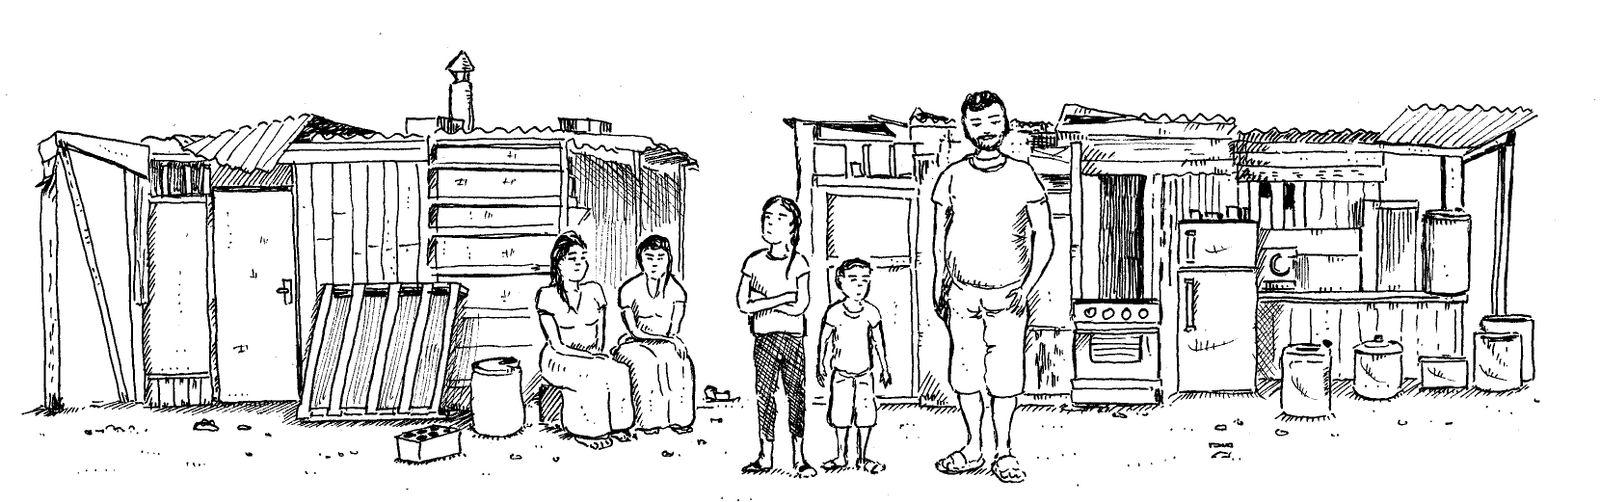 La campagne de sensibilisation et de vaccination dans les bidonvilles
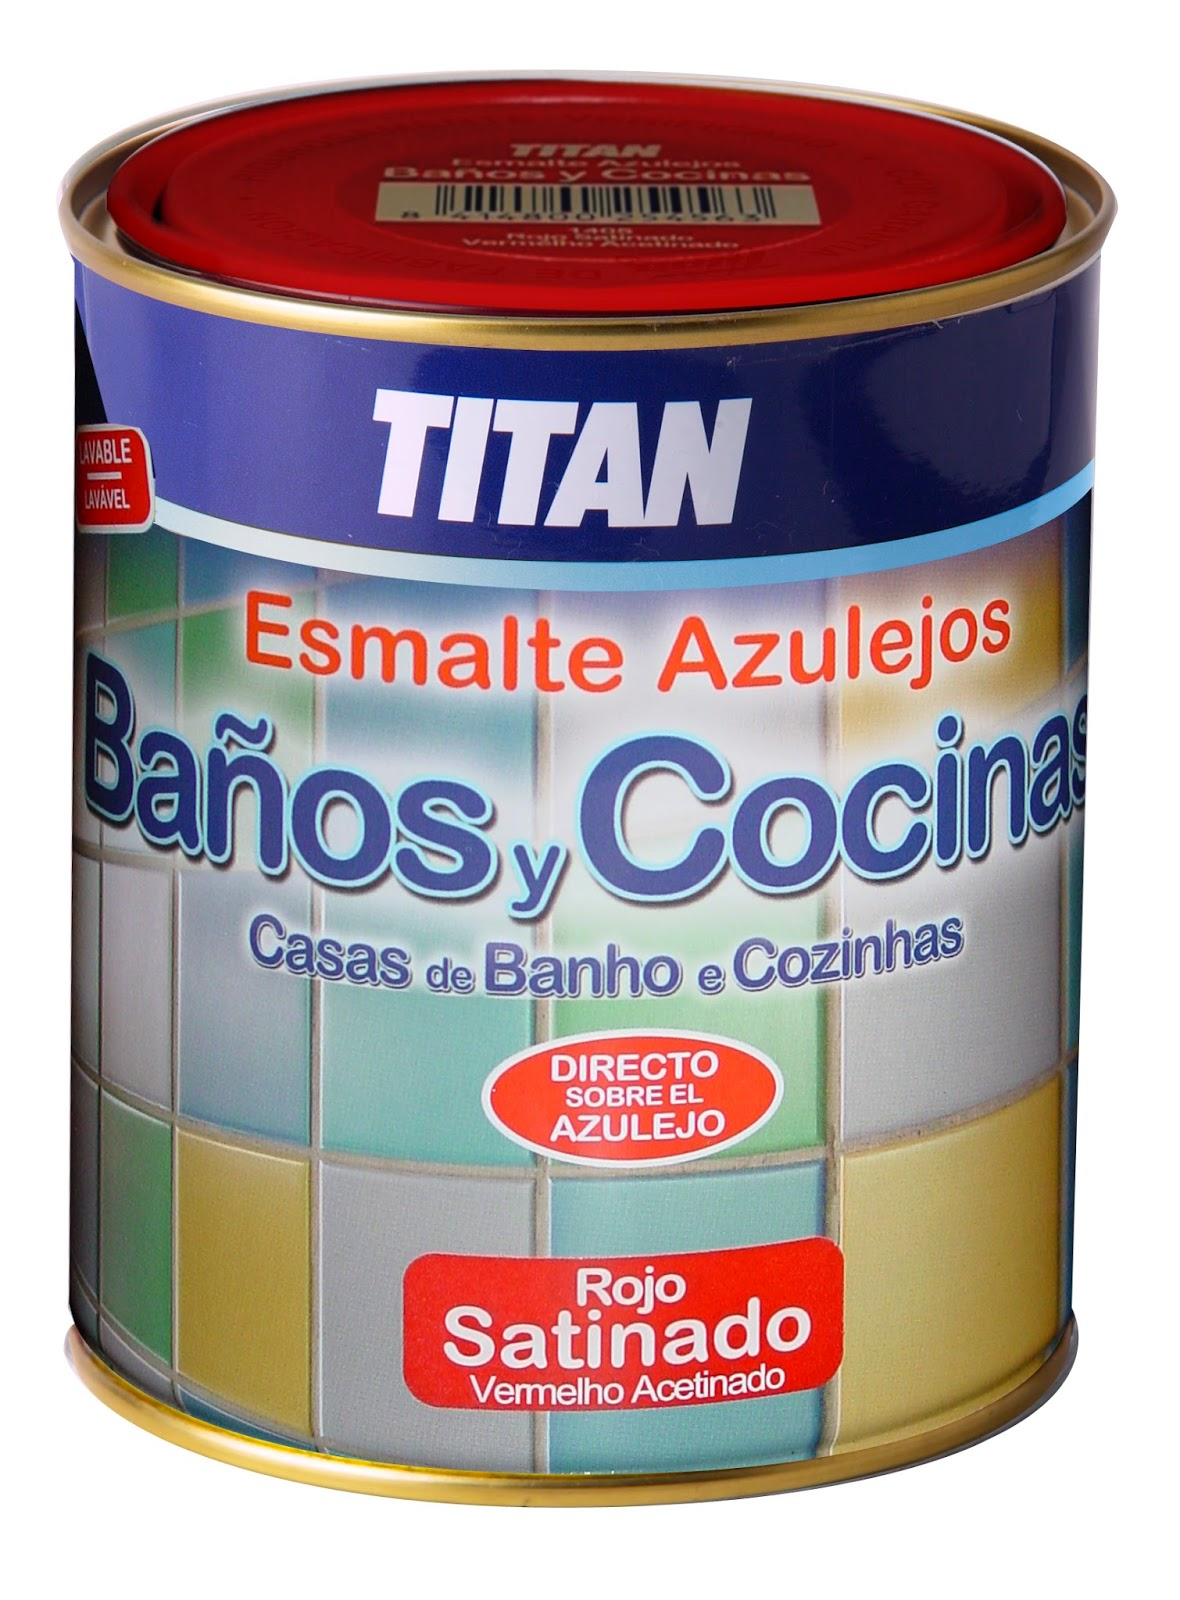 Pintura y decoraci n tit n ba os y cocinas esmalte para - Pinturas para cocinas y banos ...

......

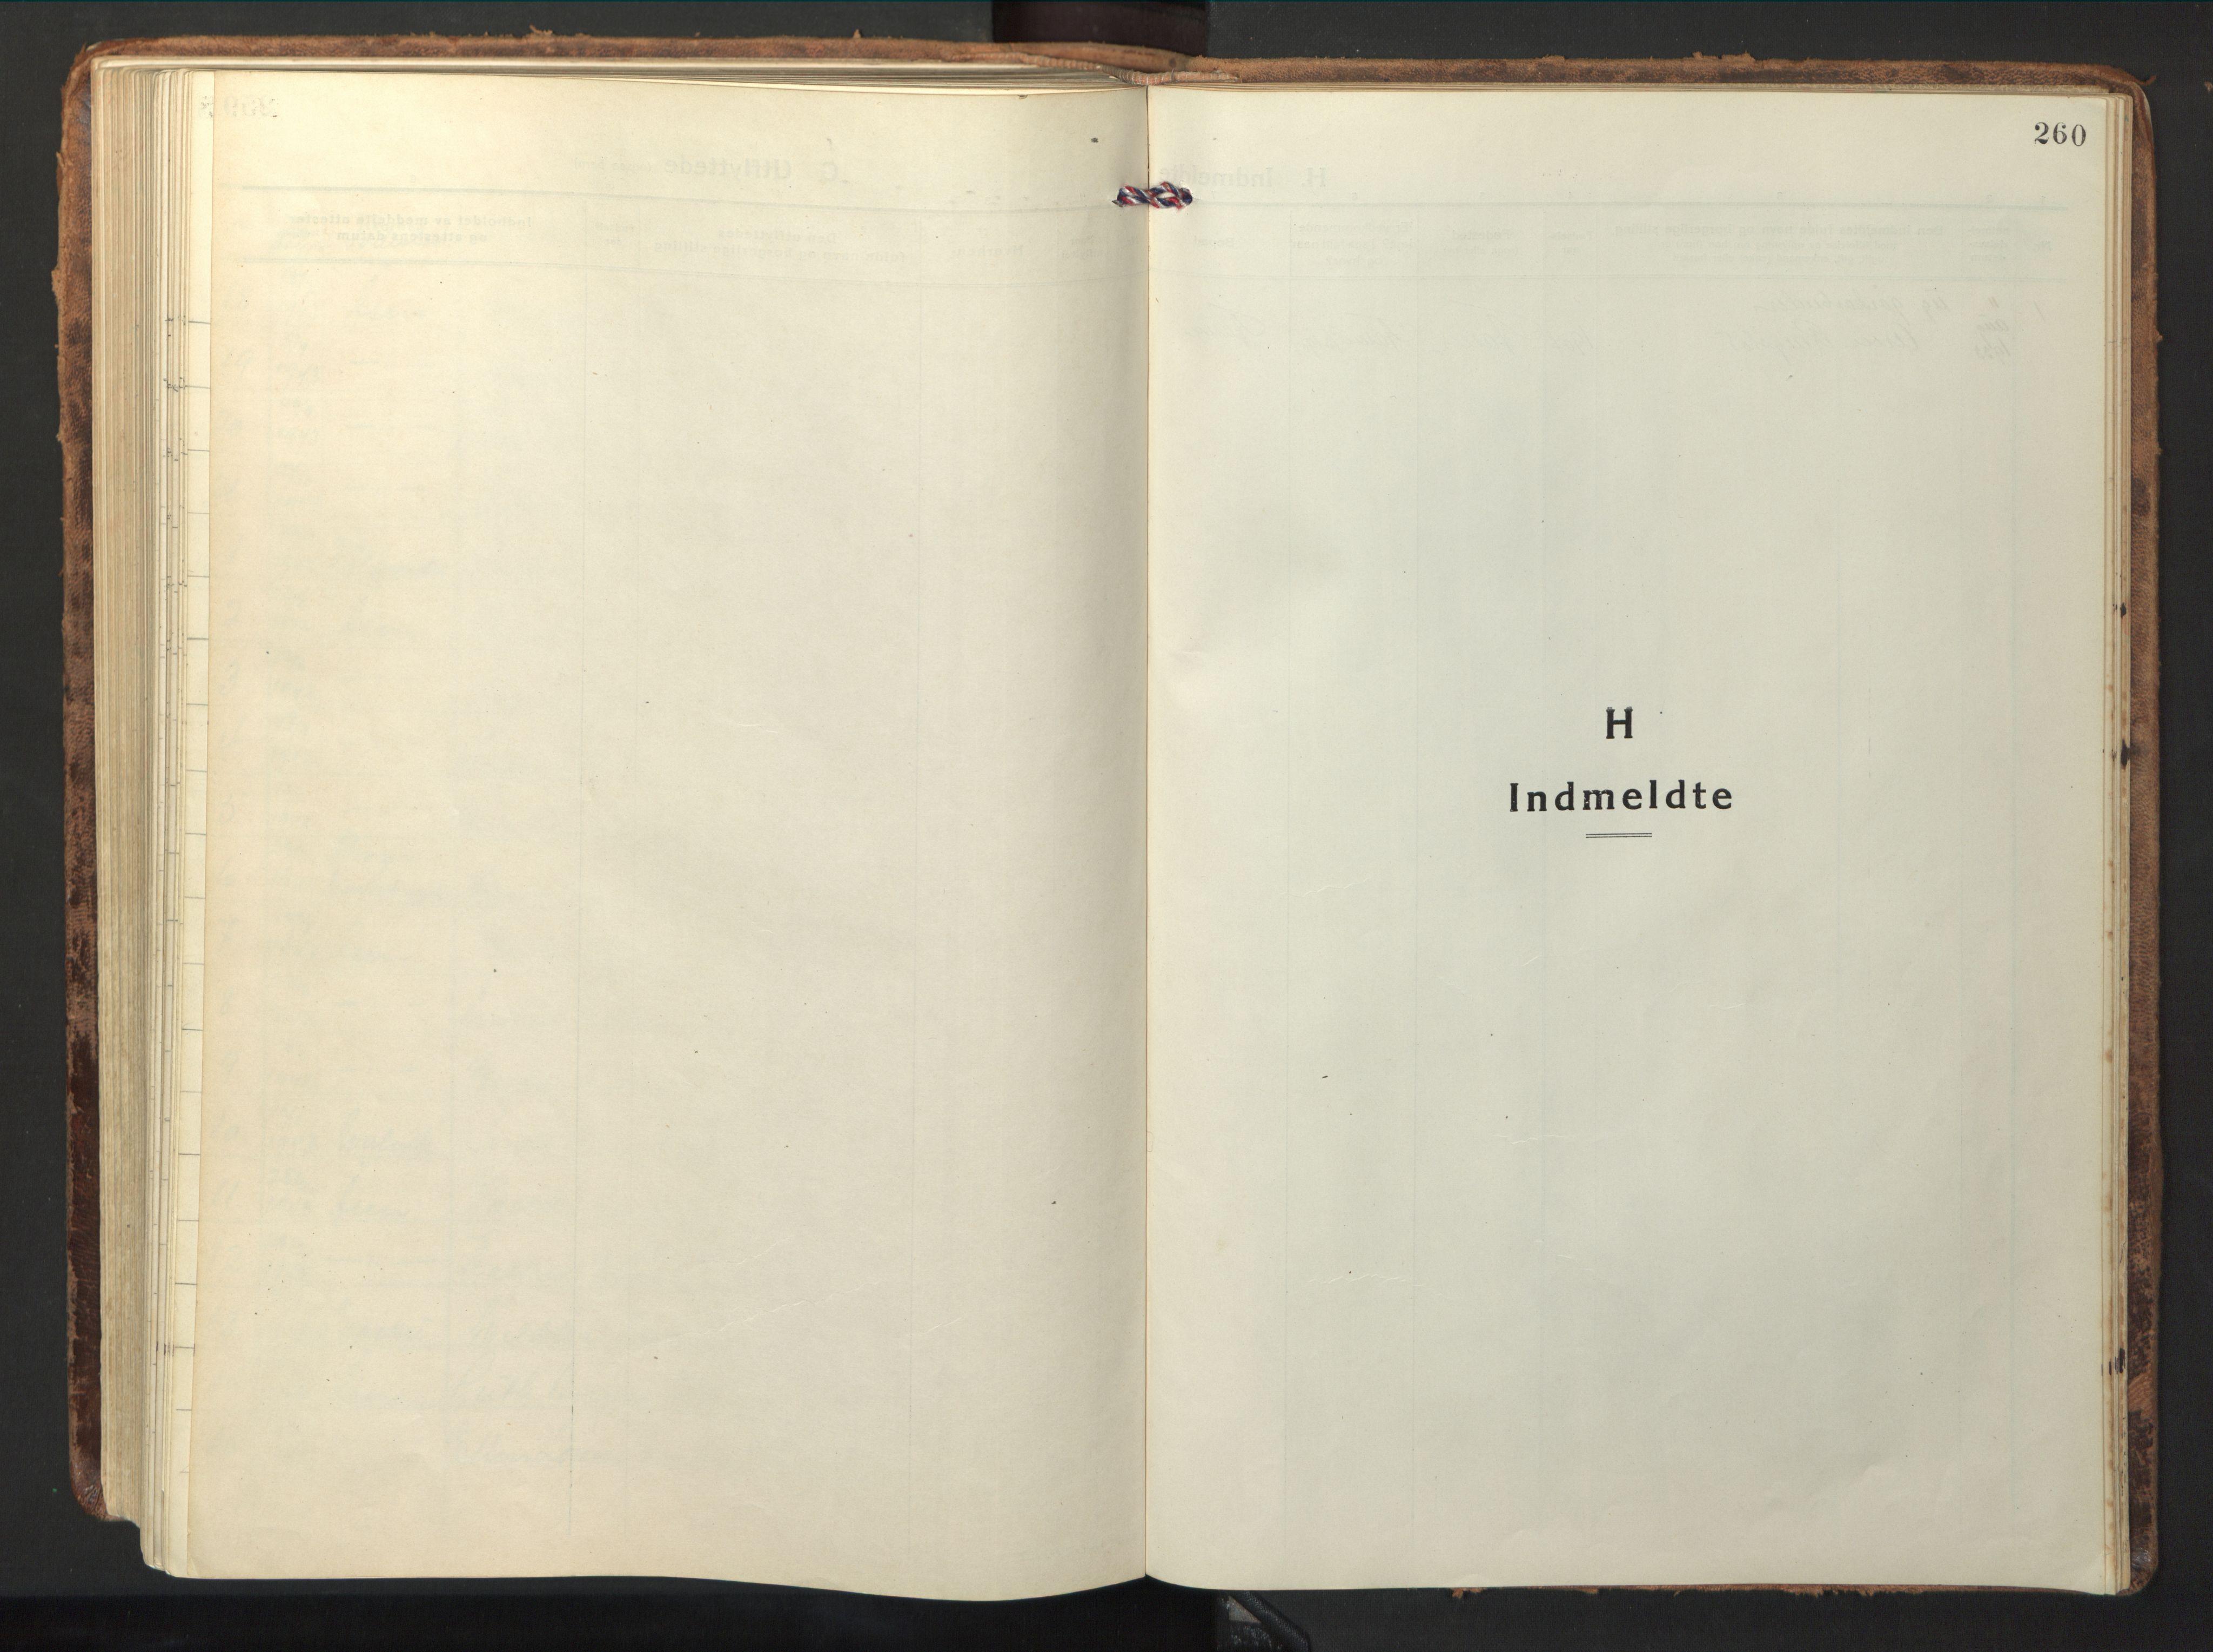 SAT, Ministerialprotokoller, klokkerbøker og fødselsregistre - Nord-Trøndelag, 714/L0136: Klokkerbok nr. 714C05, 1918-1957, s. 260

......

-- PROBLEM TO WORK ON --
Everything between and including the line above containing "La campagne de" and the line containing "Pintura y decoraci" should be reproduced exactly, with pictures excluded.

-- EXERCISE RESULT --
 La campagne de sensibilisation et de vaccination dans les bidonvilles
 Pintura y decoraci n tit n ba os y cocinas esmalte para - Pinturas para cocinas y banos ...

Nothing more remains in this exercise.